Research Forum Brief | September 2024 Articles

Keynote: Phi-3-Vision: A highly capable and “small” language vision model

Microsoft Research Team — Tue, 03 Sep 2024 19:02:03 +0000

Presented by Jianfeng Gao at Microsoft Research Forum, September 2024

“Microsoft’s mission is to empower every person and every organization on the planet to achieve more. If we want generative AI to be truly globally equitable—to reach everyone on the planet—we need to increase capacities while reducing costs.”
– Jianfeng Gao, Distinguished Scientist and Vice President, Microsoft Research Redmond

Microsoft research copilot experience What are the key innovations behind the Phi-3-Vision model that make it both highly capable and economical?

Transcript: Keynote

Phi-3-Vision: A highly capable and “small” language vision model

Jianfeng Gao, Distinguished Scientist and Vice President, Microsoft Research Redmond

This talk introduces Phi-3-Vision, an advanced and economical open-source multimodal model. As a member of the Phi-3 model family, Phi-3-Vision enhances language models by integrating multisensory skills, seamlessly combining language and vision capabilities.

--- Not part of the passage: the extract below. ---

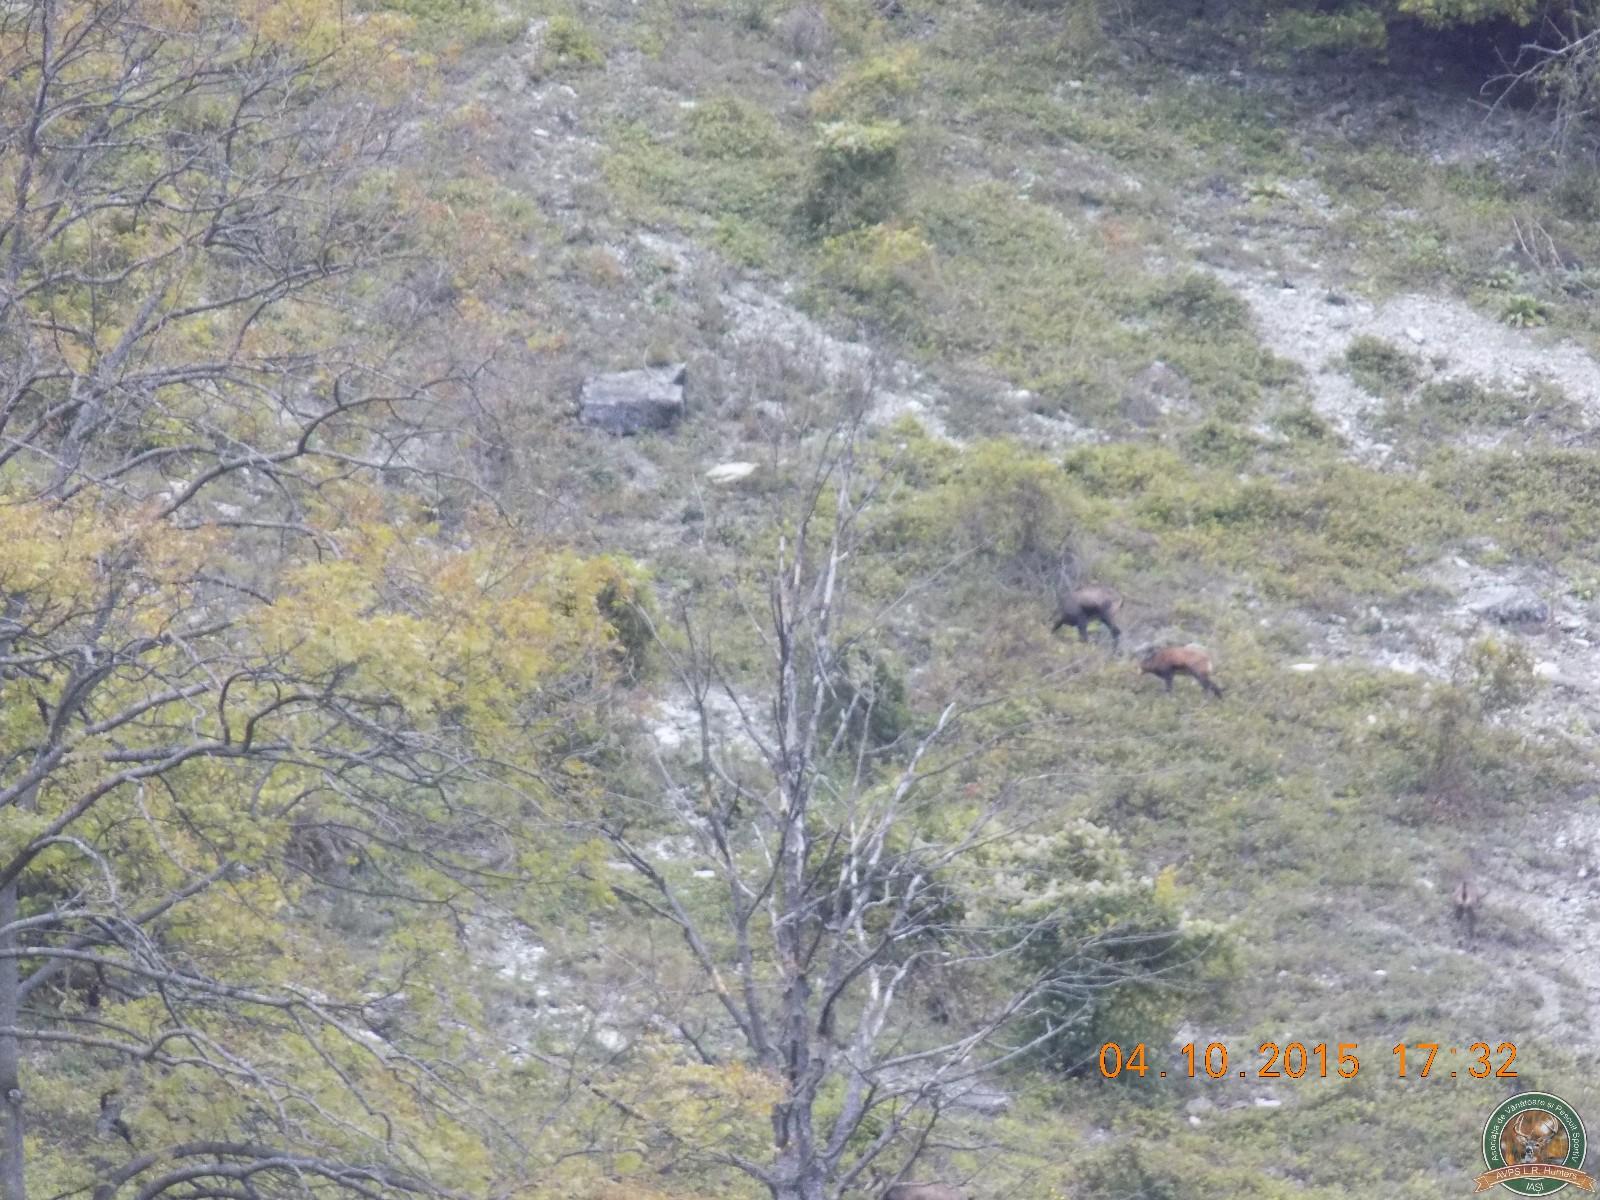 avps-lr-hunters-lepsa_20-59
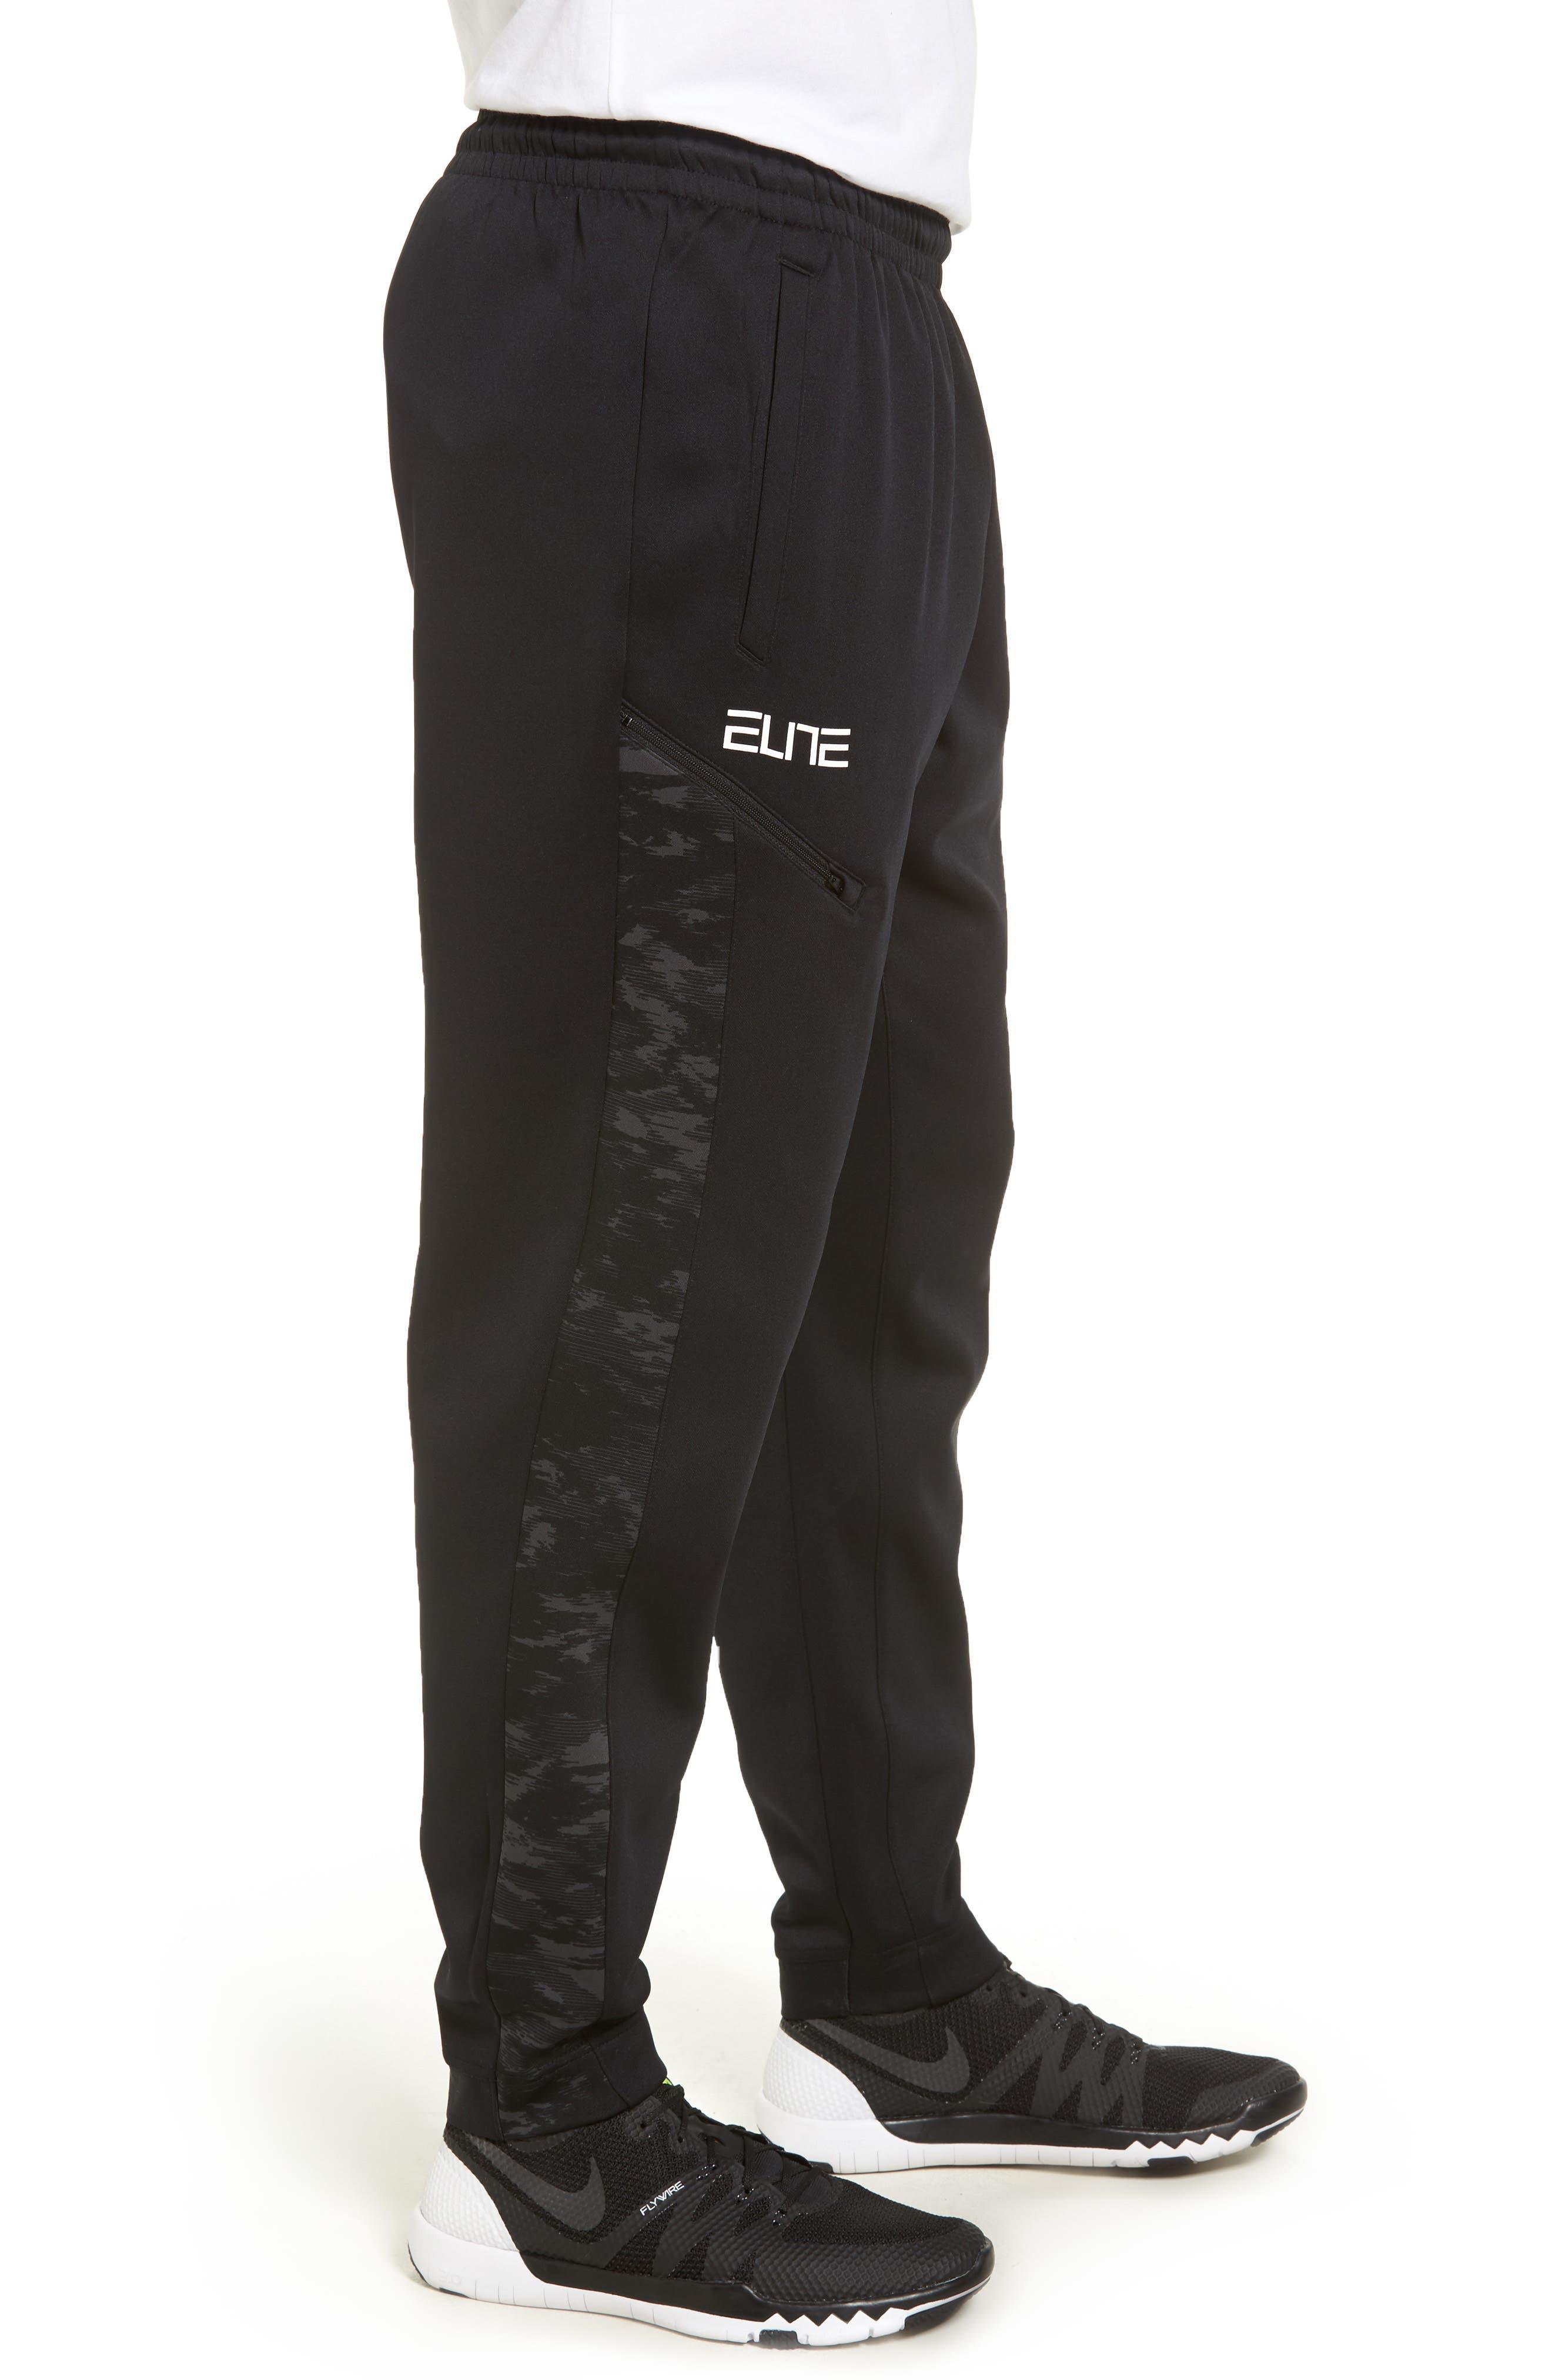 Therma Elite Basketball Pants,                             Alternate thumbnail 3, color,                             010

Microsoft Research Forum, September 3, 2024

JIANFENG GAO: Hi. Welcome to Microsoft Research Forum. My name is Jianfeng Gao. I’m a distinguished scientist and vice president at Microsoft Research. Today, I’m going to talk about our latest AI foundation model, Phi-3-Vision, a highly capable and cost-effective open-source vision-language model. The model seamlessly combines language and vision capabilities, and the model weights are released to the public to allow everyone to develop better models on top of it.

First, let me use a few examples to show you what the model can do. A typical use case of a vision-language model is vision question answering, where the model is asked to answer questions regarding an input image. As illustrated in this example, the question—what is the tower building in the image?—requires an understanding of language, vision, and commonsense knowledge to answer. For example, the model needs to not only recognize the tower is the Space Needle but also know that it is one of the most recognizable landmarks in the city and offers panoramic views of Seattle and the surrounding area. Compared to popular language-vision models on the market, including those released by Microsoft, such as Kosmos, LLaVA, and Florence, Phi-3-Vision is not only much smaller but has much stronger understanding and reasoning capabilities, especially in non-natural image domains, such as tables, charts, and diagrams.

As shown in this example, we presented the model a coffee shop menu, which is by no means a high-quality image, and asked such questions as, what is the price of a cappuccino with a large size, how much does it cost to add ice to the tea, and if someone wants to buy a pot of tea, how much would it cost? The model can produce correct answers by reasoning over relevant knowledge extracted from the image, such as “The price is $3.25,” “It costs an additional $1 to add ice to any tea,” and “A pot [of] tea will cost $4.” The model can also extract all the texts from the image and generate a table using the format specified by users, such as the Markdown table and the JSON representation.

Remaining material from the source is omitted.